Она повернулась и направилась в прихожую, и я последовал за ней. В течение многих лет я открывал входную дверь, чтобы выпустить самых разных людей, среди которых были воры, убийцы, мошенники, обманщики, но никогда эта процедура не доставляла мне большего удовольствия, чем в этот раз. Вдобавок ко всему, помогая ей надеть шубку, я заметил, что у неё немытая шея.
Для нас не было новостью, что её муж — преуспевающий доктор. За время между моим возвращением в кабинет Вулфа и её появлением я успел посмотреть телефонную книгу, где он значился как доктор медицины. В телефонной книге был адрес его приёмной, расположенной на одной из шестидесятых улиц рядом с Парк-авеню. Я успел позвонить также доктору Волмеру, который никогда не встречал его, но сообщил, что репутацией он пользуется прекрасной. Практиковал он в высших кругах, а по специальности он был гинекологом.

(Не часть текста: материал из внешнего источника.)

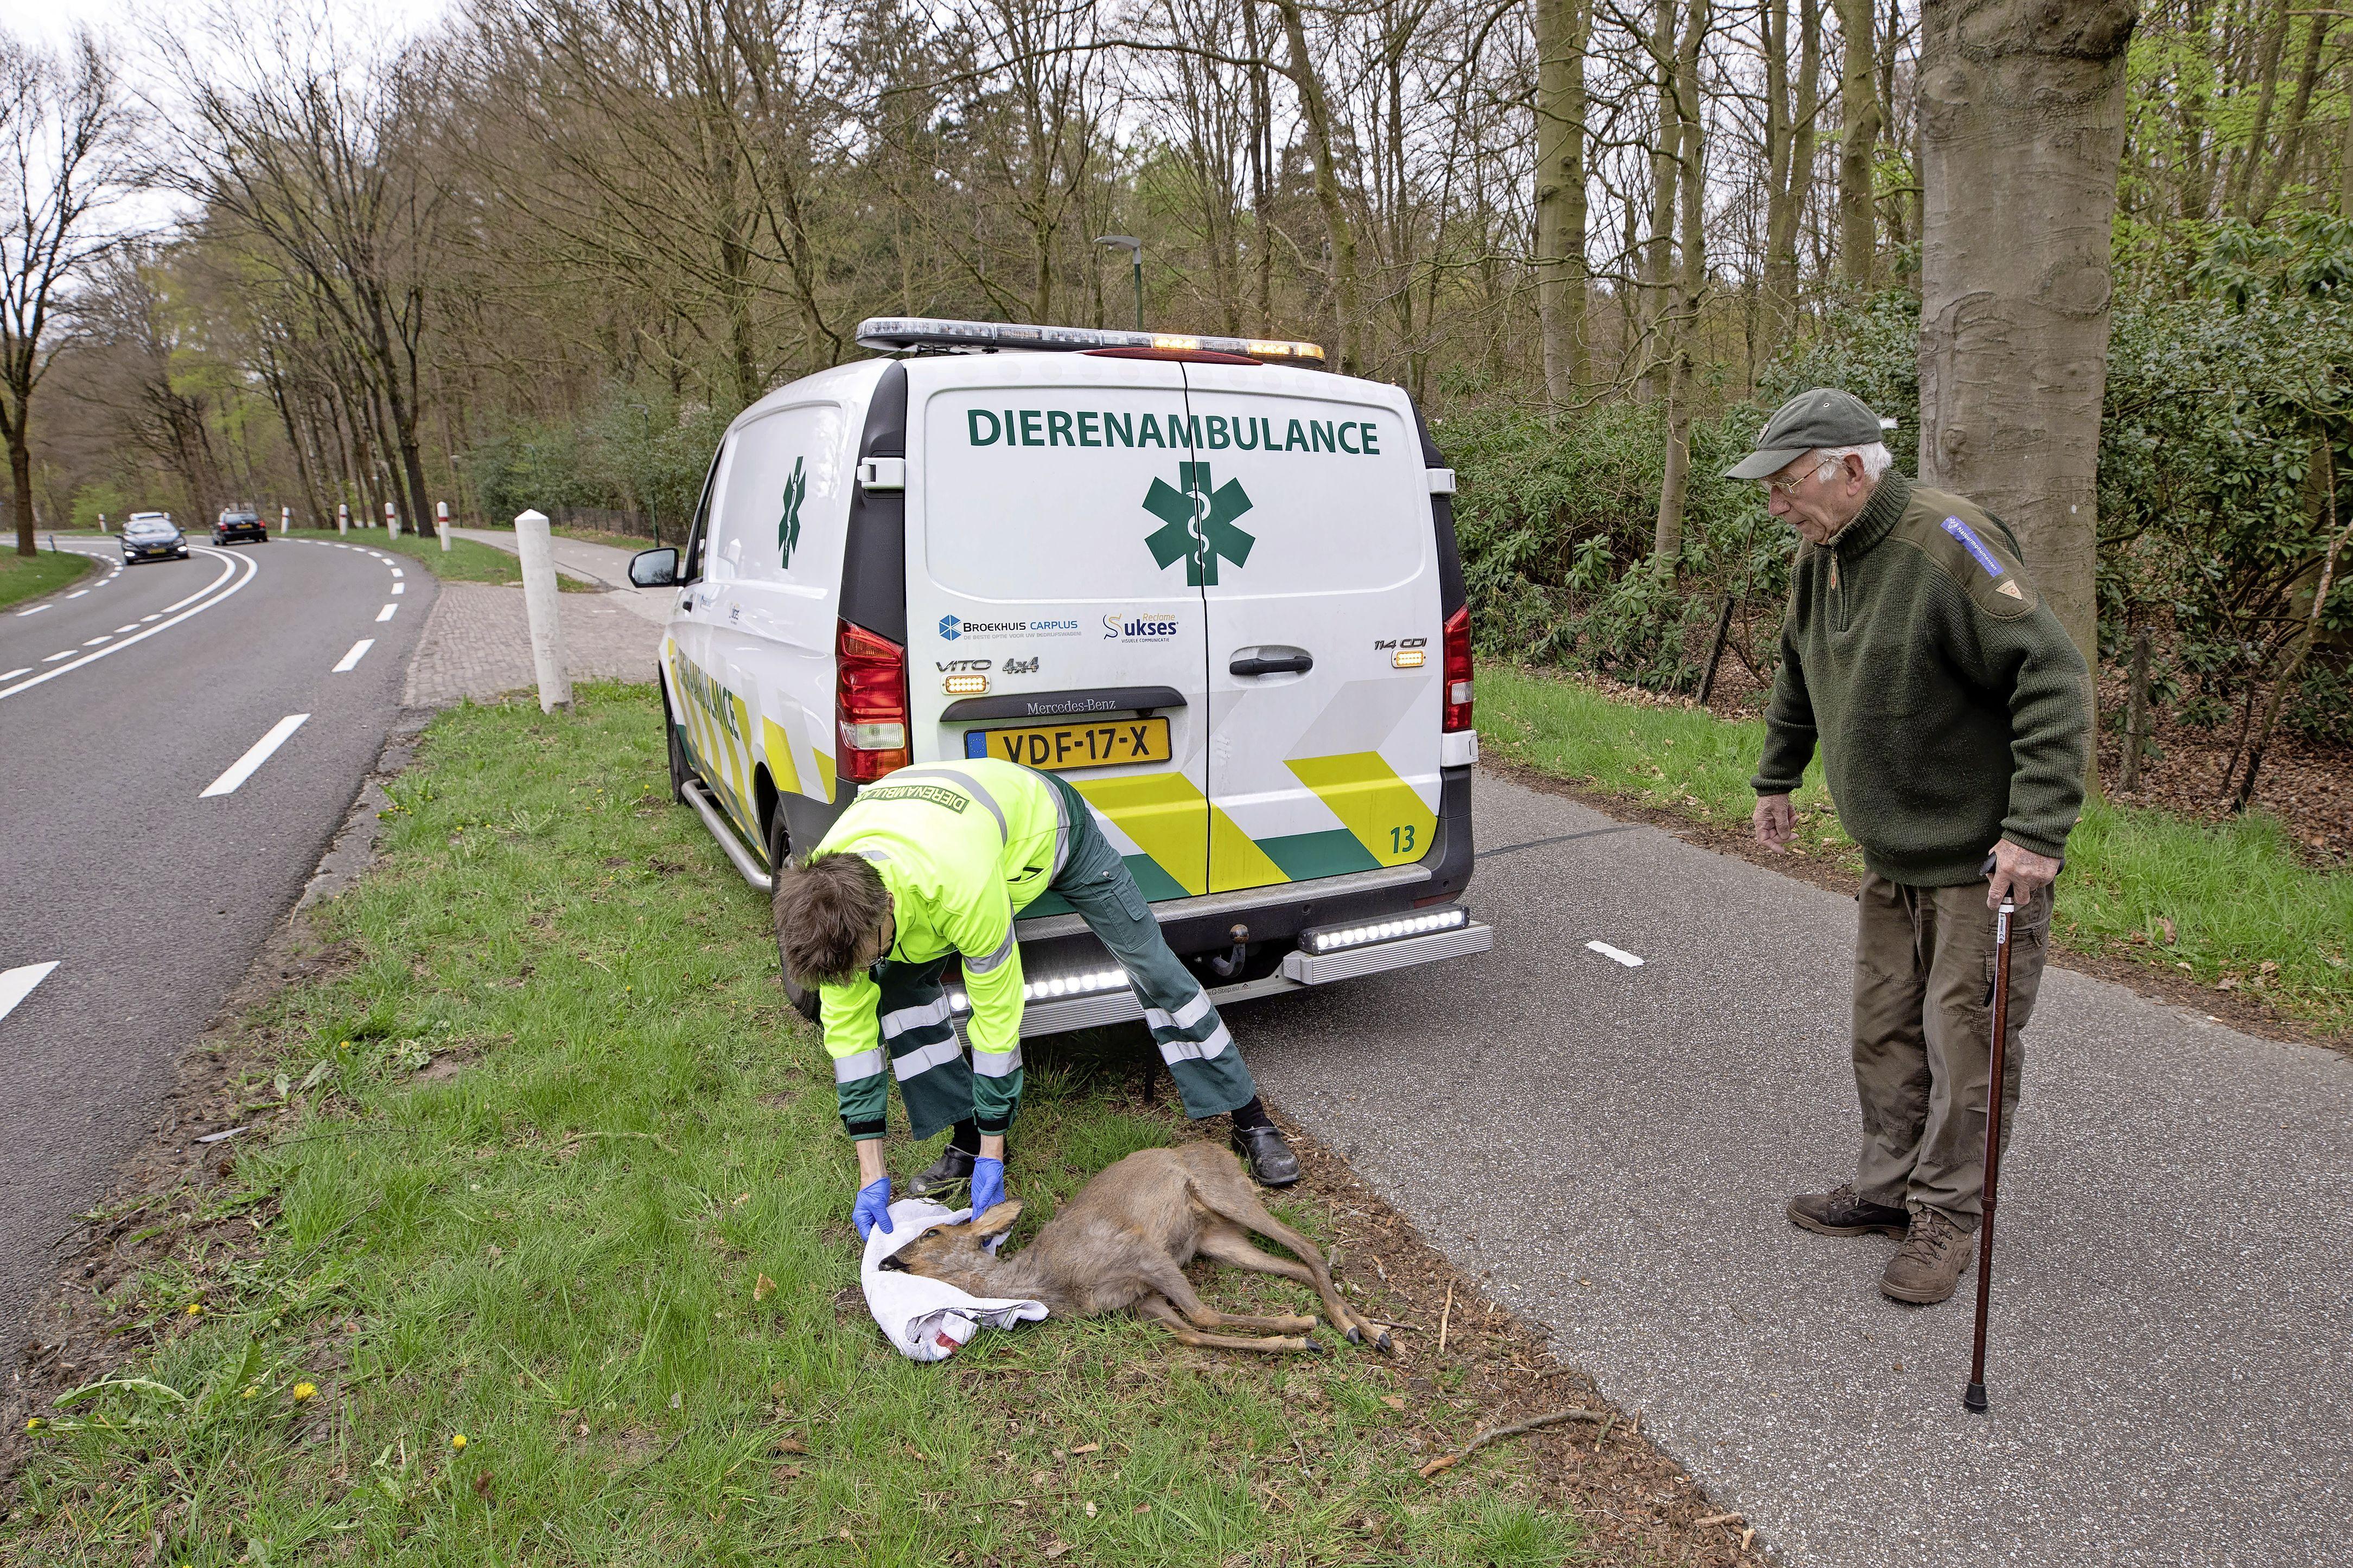 Drukte in de bossen Soest richt slachting aan onder reeën; Jaargemiddelde na vier maanden al bereikt. In een week tijd vijf dieren doodgereden

Вернувшись в кабинет, я заметил Вулфу:
— Я опять наблюдаю в себе эффект маятника. До сих пор я склонялся к мысли, что мне нужна женщина невысокого роста, но всемогущий Боже!
Вулф кивнул и слегка передёрнулся.
— Да. Однако мы не можем утверждать, что это знакомство было бесплодным. Без сомнения, она дала нам информацию, не могла же она всё это придумать. — Он посмотрел на часы. — Она сказала, что должна быть дома к семи, значит, он вполне может быть на работе. Попытайся.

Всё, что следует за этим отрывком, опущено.